» PROVIDED DATA
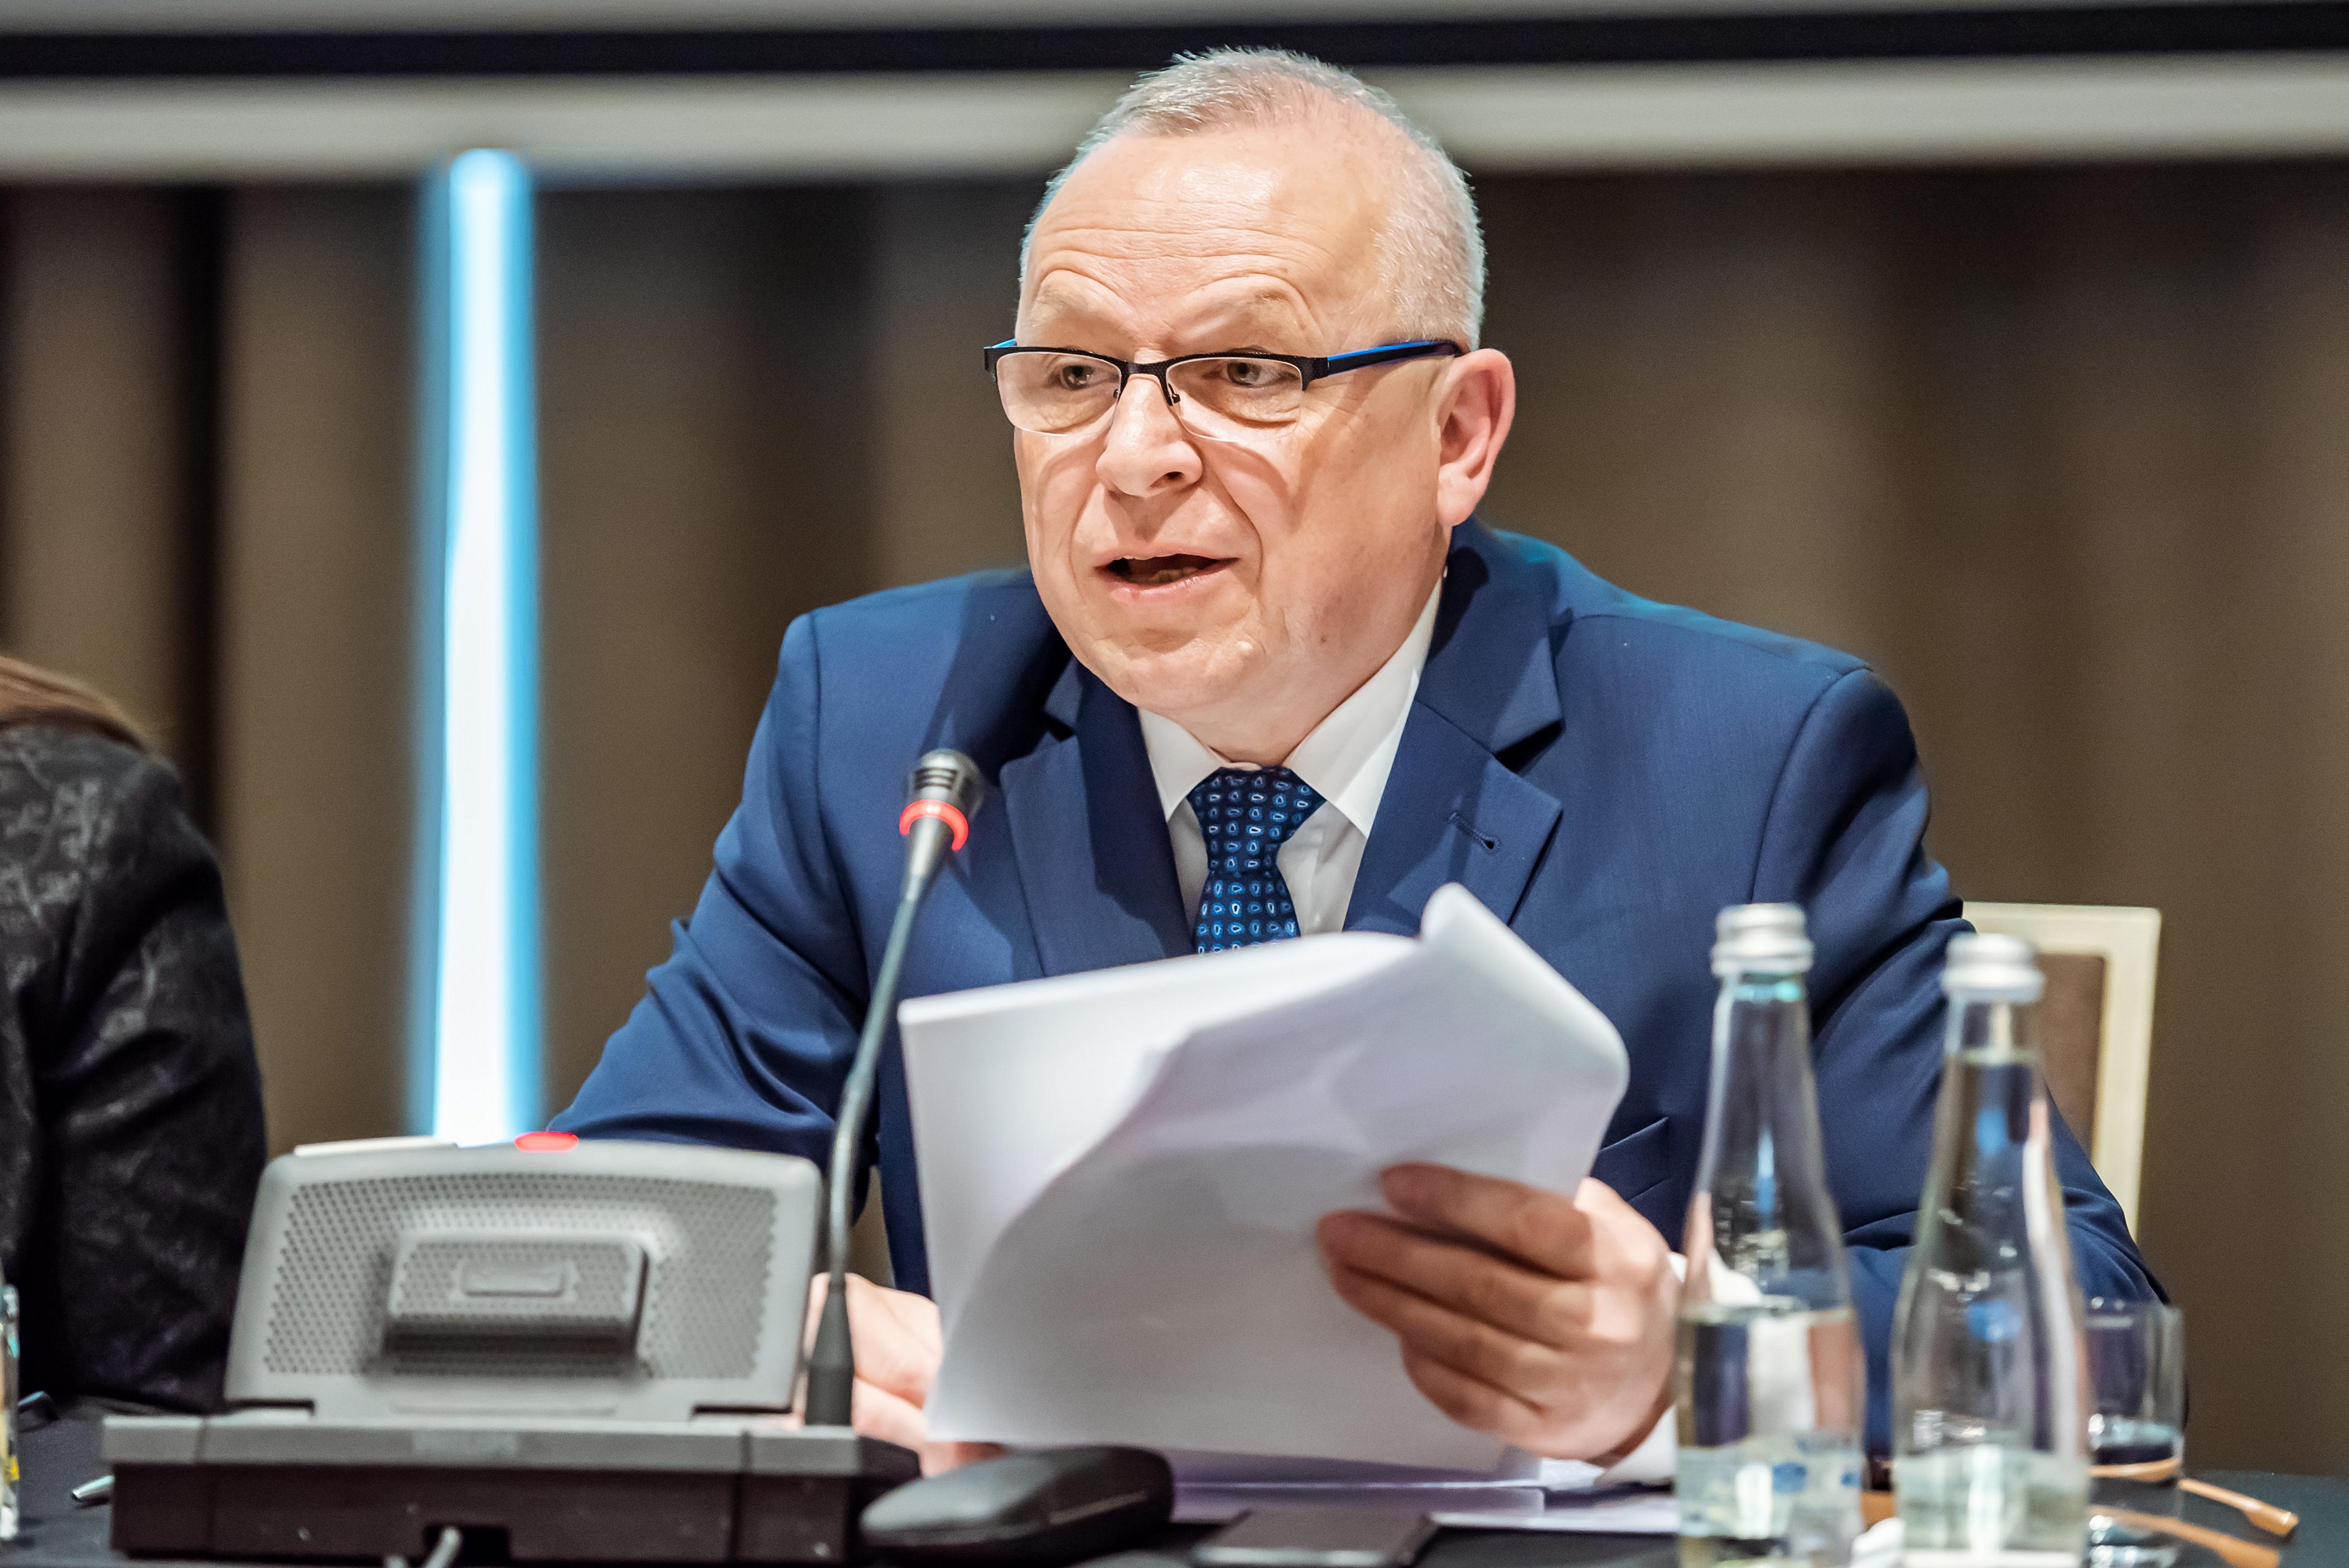 Prezes Zarządu ZPP Andrzej Płonka w wywiadzie dla Portalu Samorządowego podsumował mijający rok
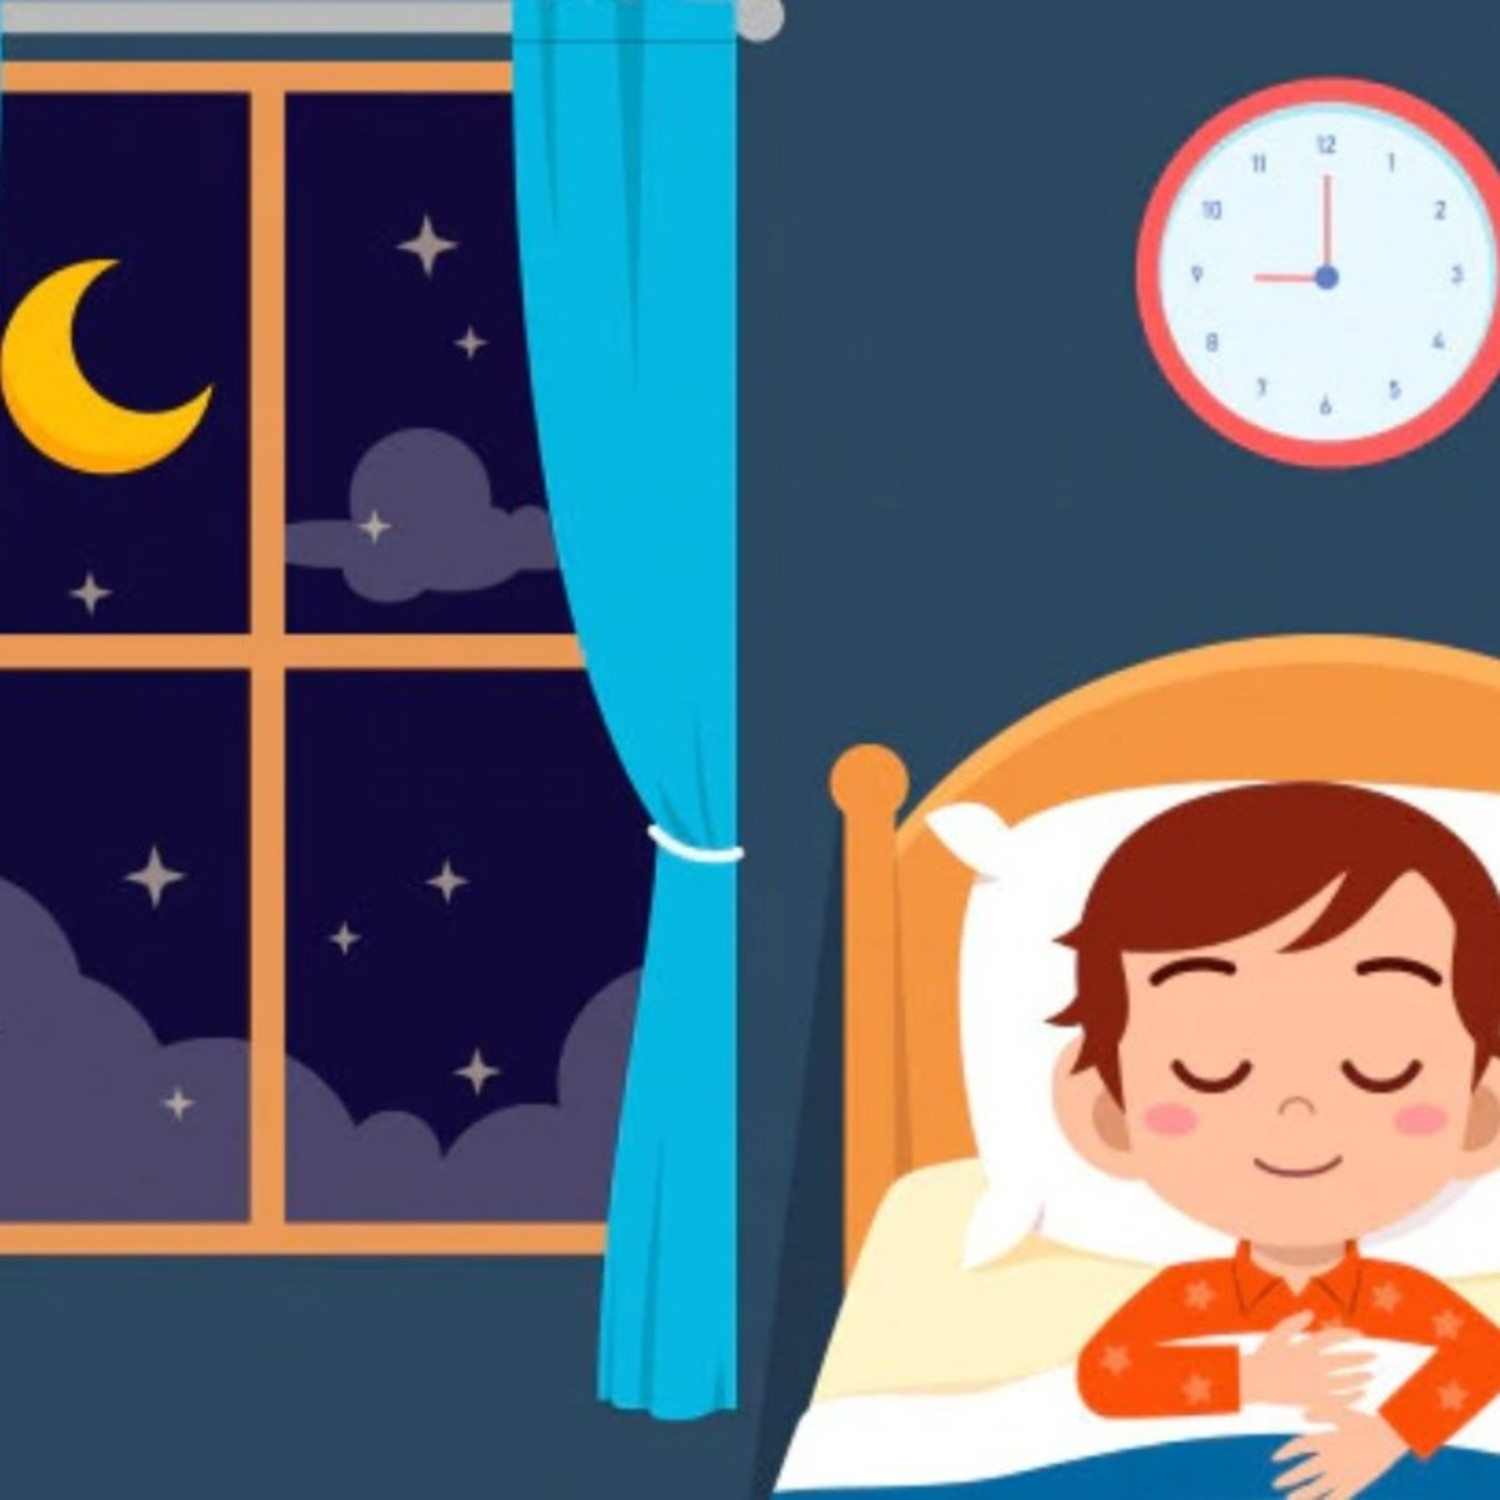 مقاله ای درباره راهکارهایی ساده برای داشتن خواب عمیق.
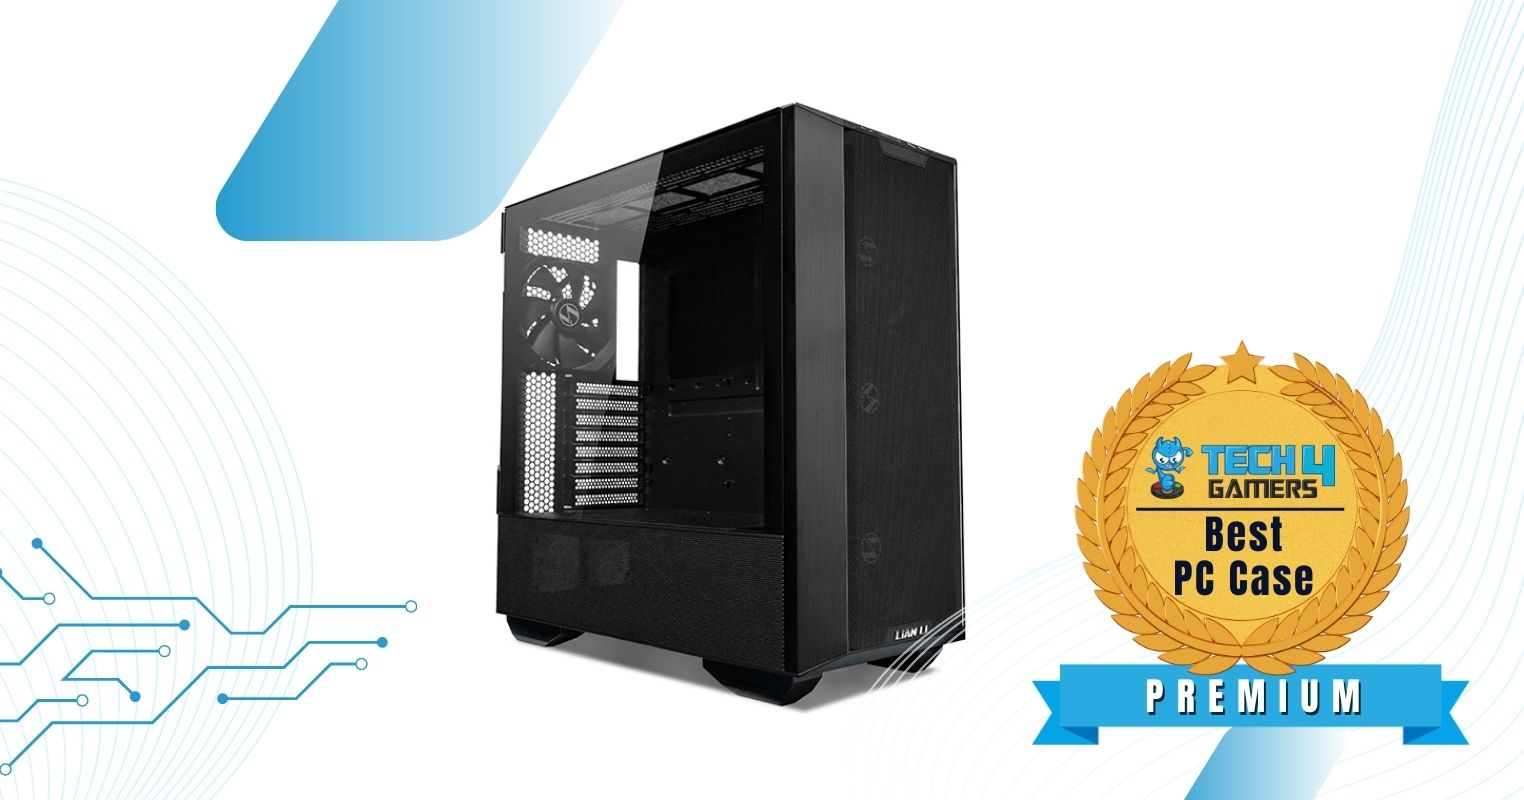 LIAN LI Lancool III - Best Premium PC Case
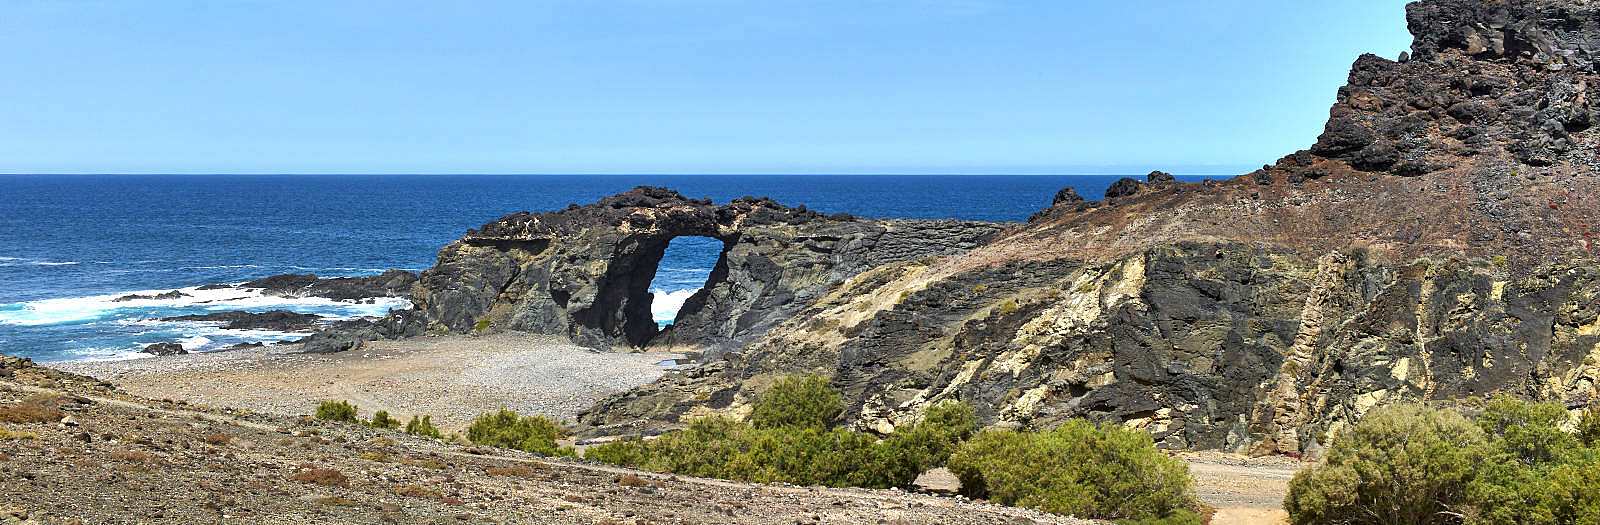 Arco del Jurado aka. Peña Horadada Ajuy Fuerteventura.

» WHAT IS REQUIRED
The whole listing above, word for word: repeat it with the pictures excluded.

» RESULT OF THE EXERCISE
 Prezes Zarządu ZPP Andrzej Płonka w wywiadzie dla Portalu Samorządowego podsumował mijający rok
 مقاله ای درباره راهکارهایی ساده برای داشتن خواب عمیق.
 LIAN LI Lancool III - Best Premium PC Case
 Arco del Jurado aka. Peña Horadada Ajuy Fuerteventura.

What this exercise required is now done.